I have a batch script template that includes a choice in it, I want to have the question for what the end-user wants to do, and the choice description(s) below the question. Here is my template:

Color __
set /P c=Do you want to %CHOICE%? & ECHO.(%DESCRIPTION%)
if /I "%c%" EQU "Y" goto :choice_yes
if /I "%c%" EQU "C" goto :choice_cancel
goto :choice
echo %CHOICE% has been cancelled.
:: Insert additional commands or code here.

As you can see in the script, I have already attempted & ECHO.(%DESCRIPTION%) among other methods that insert a new line. I believe there needs to be an additional ECHO before the actual choice question with the above method, but due to the structure of the code I don't know where to place it. What am I doing wrong? Is there perhaps a character that needs to be escaped due to syntax?

  • From a UX perspective it's confusing to have the request for input appear before the information the user must consider when answering. Just an opinion. – Twisty Impersonator Feb 19 '18 at 16:57

If you want the question and the input cursor to be above the description output, you'll need a way to move the cursor upwards. Batch scripts cannot do this alone (though PowerShell possibly could); you'd need a small external tool which uses the Windows Console APIs to move the cursor a few lines higher.

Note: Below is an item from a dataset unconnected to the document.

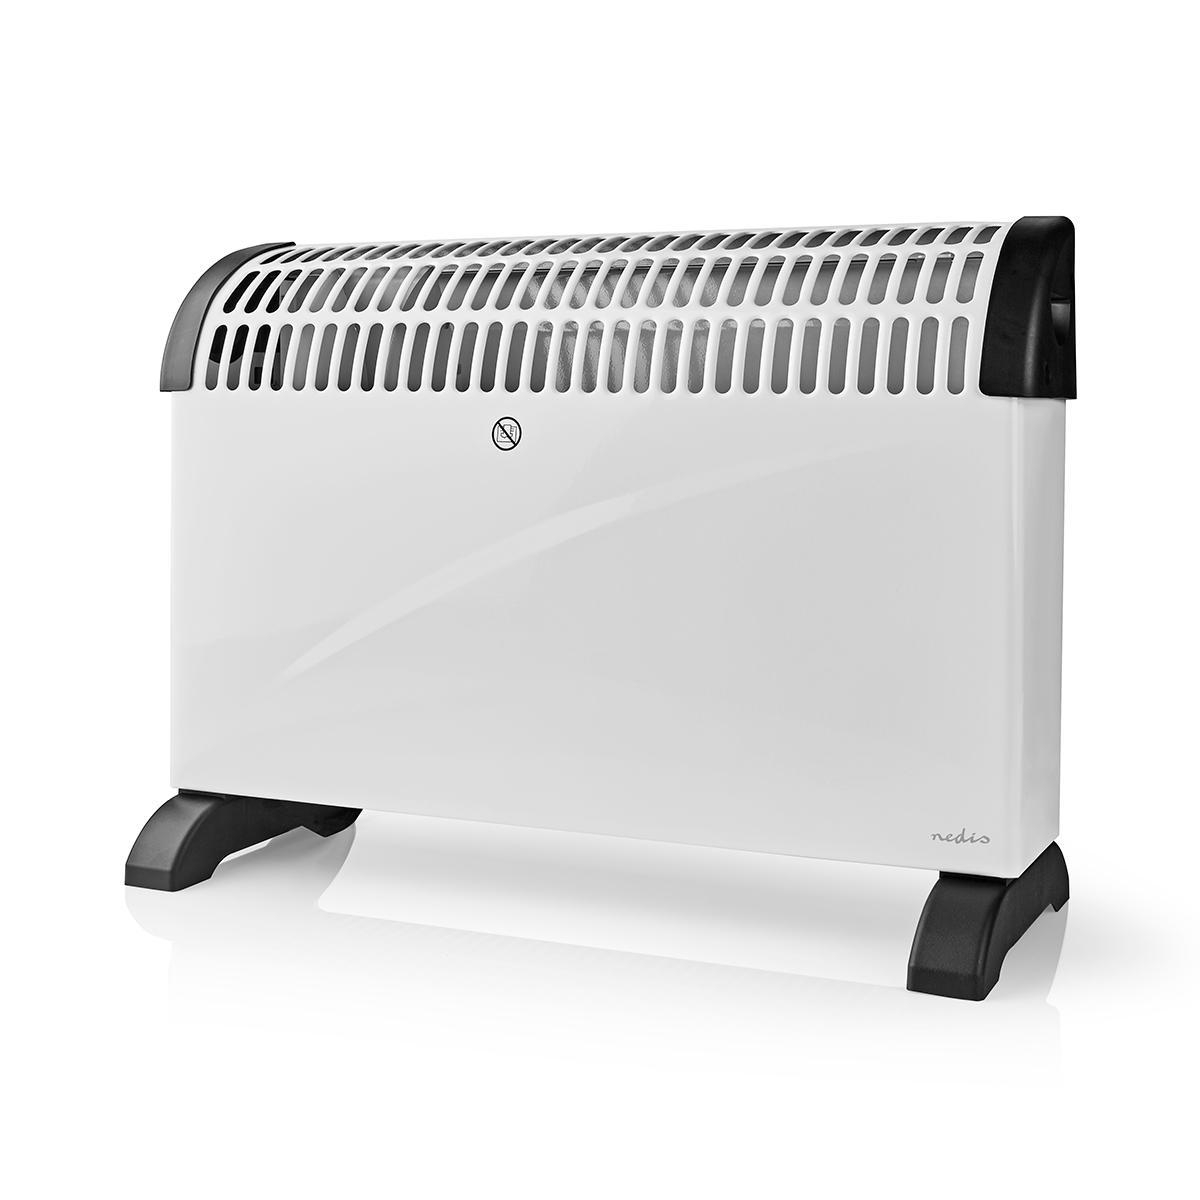 Nedis industrieheizlüfter termostato 2000w calefactor elektroheizer dispositivo calentador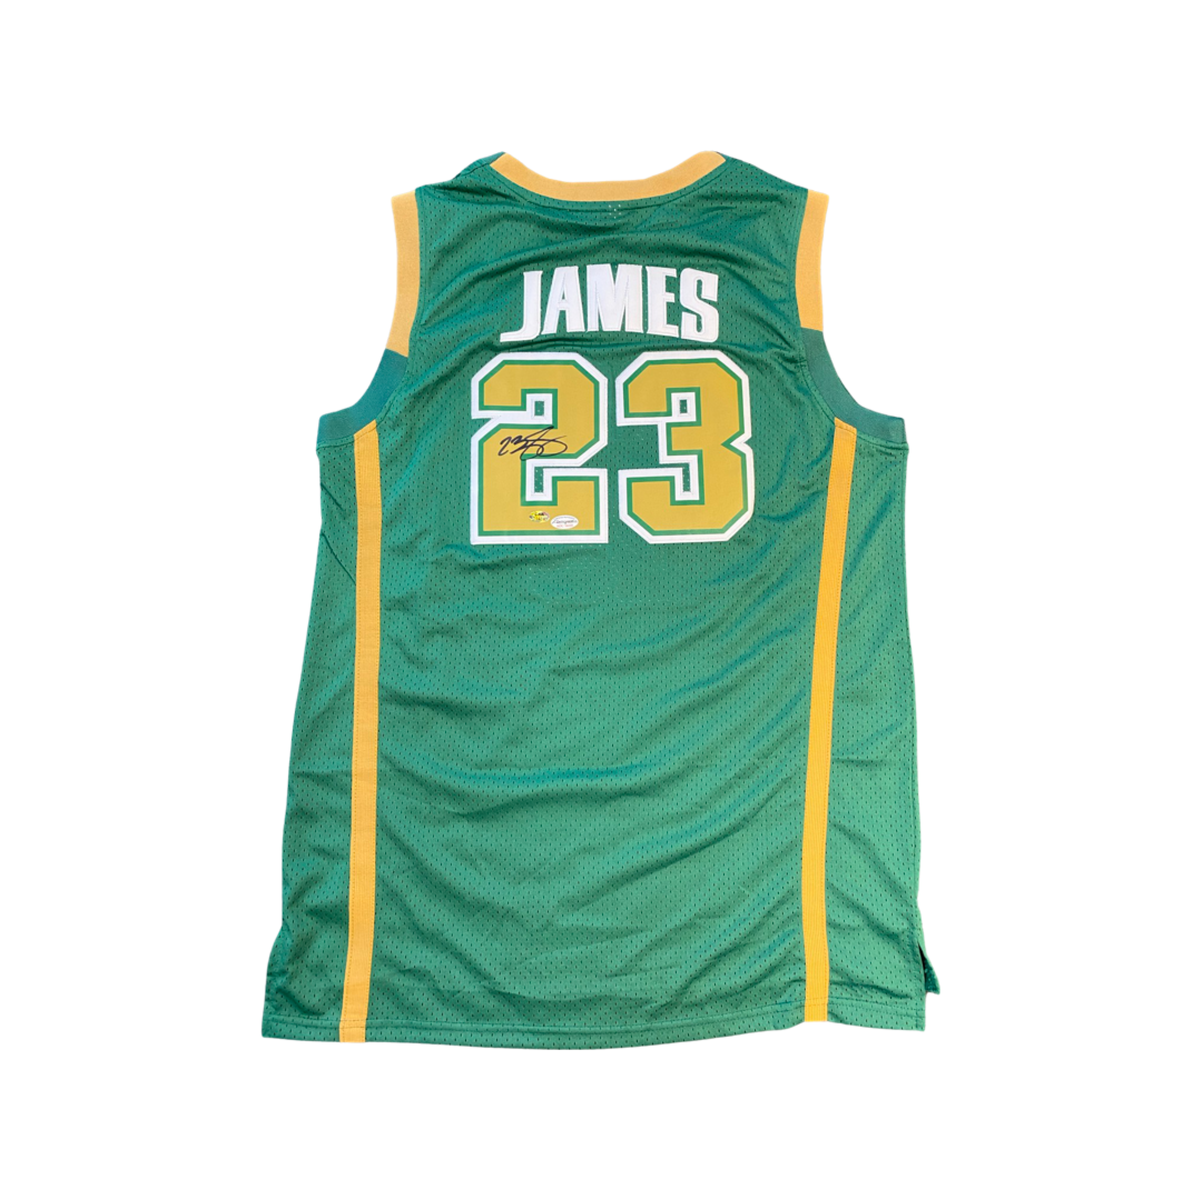 LeBron James Irish High School Jersey for Sale - Jersey One

If you want only the question to be above the description, allowing the prompt to blink below everything, that's easy – just output the question using a separate command:

echo Do you want to %CHOICE%?
set /p ANSWER=^>
echo You entered %ANSWER%.

Your original attempt doesn't work for a different reason.

The set and the echo are completely separate commands – it does not matter that you separate them with an & instead of a line break; they are still executed individually:

  1. first the set /p a=b command is run, showing the prompt, then reading a single input line;
  2. then, after input has been already read, echo %description% is run, showing your text.

So in other words, echo does not insert a new line in the script; it tells the script to produce a new line in its output, but that's not the same thing at all.

(In other scripting/programming languages, to insert a new line in the script you would use \n or just a literal line break, but Windows batch scripts again have no equivalent to that.)